Recognizing the importance of soil functional biodiversity

Soil microbes regulate greenhouse gas emissions from peatlands. At Luke, we study how changes in peatland hydrology—such as drainage and rewetting—affect microbial functional diversity. Different microbial groups and their genes are active at different times, influencing greenhouse gas emissions. This information is essential for planning and monitoring peatland restoration, assessing its benefits, and promoting sustainable peatland use.

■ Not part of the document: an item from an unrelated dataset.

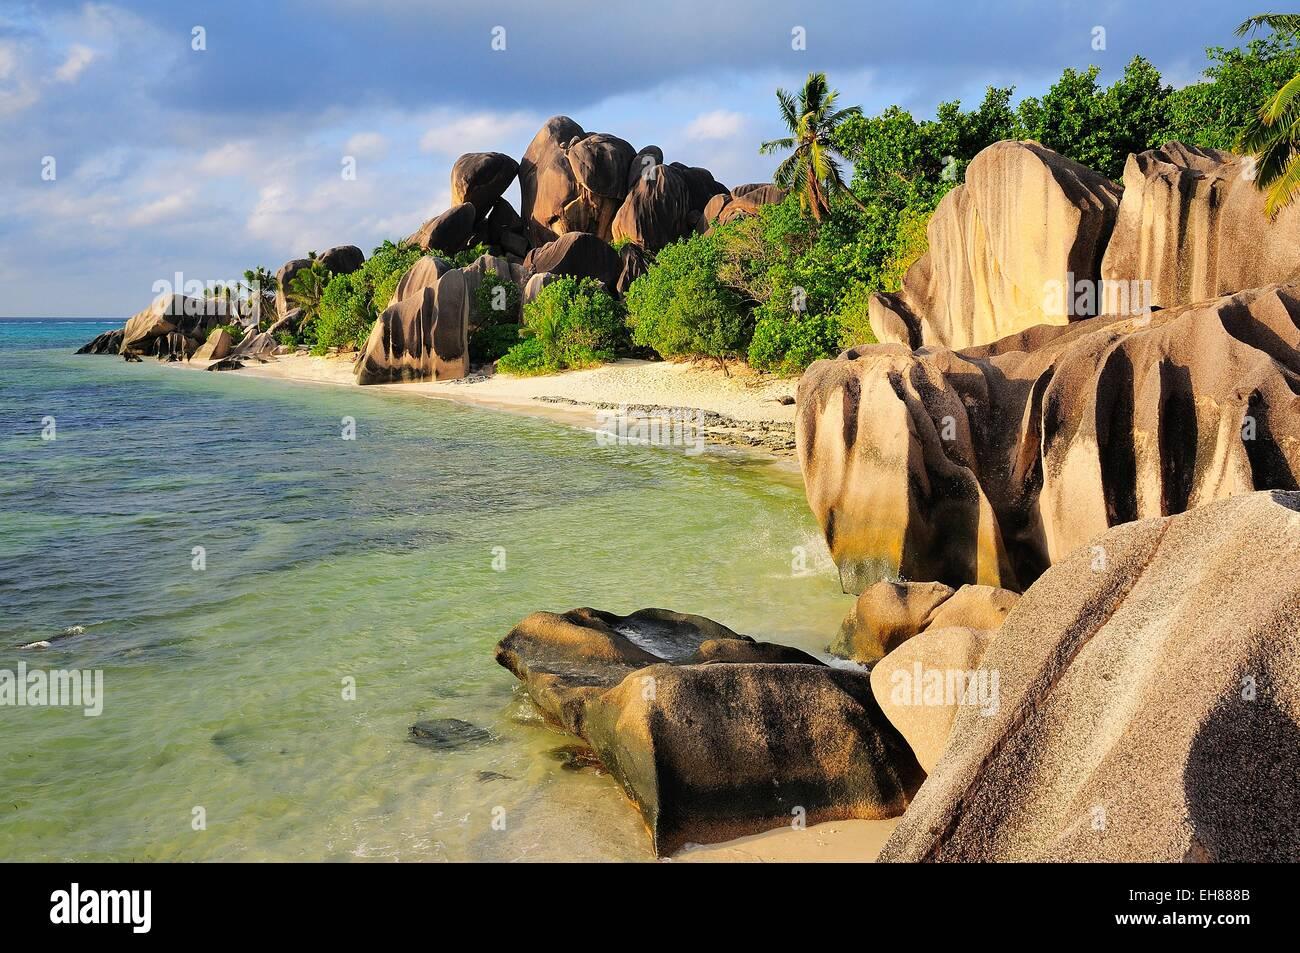 Granite rocks on Anse Source d'Argent beach, La Digue Island, La Digue and Inner Islands, Seychelles - Stock Image

In the MiDiPeat project (2024–2026), funded by the EU Biodiversa network, we identify key microbial groups affecting greenhouse gases and carbon cycling under different land uses. We link these changes with plant functional groups—such as vascular plants, sphagnum mosses, and forest mosses—and peat biochemical quality.

In the LIFE PeatCarbon project (2022–2027), we are restoring two drained peatlands in the Pallas region of Northwest Lapland and two in Latvia. Our goal is to mitigate climate change by reducing greenhouse gas emissions from peatlands in both countries. We are developing innovative measurement methods for greenhouse gases, hydrology, vegetation, and microbial diversity and activity.

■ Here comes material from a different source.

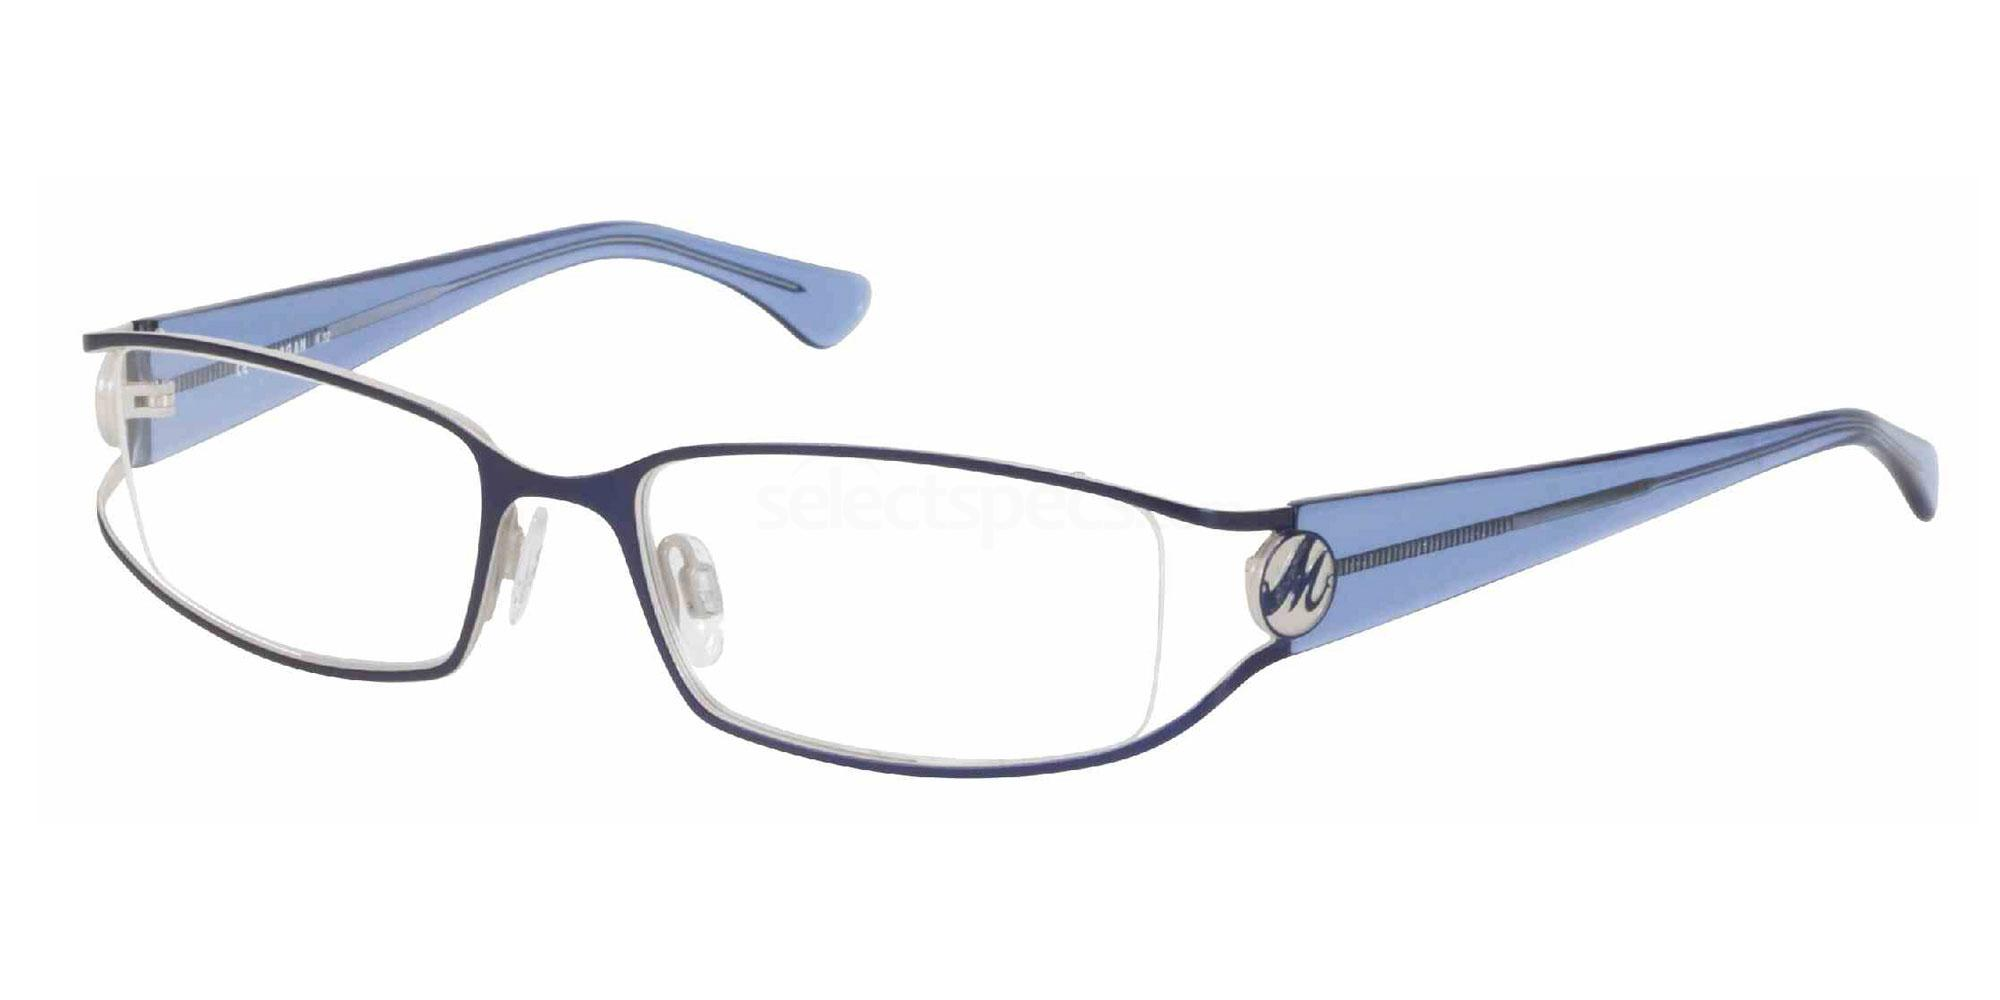 379 203106 Glasses, MORGAN Eyewear

To support monitoring, we are also developing repeatable and transferable remote-sensing tools for long-term observation and modeling.

Wood-derived soil amendments have shown potential to increase microbial biomass and soil carbon. Tiny soil fauna play a critical role in decomposing organic plant material and are vital to nutrient cycling. The SOFASU project (2023–2027), funded by the Academy of Finland, investigates the role of these little-known organisms in carbon storage. Soil amendments also have strong links to nutrient availability, food system resilience, and Finland’s nutrient self-sufficiency.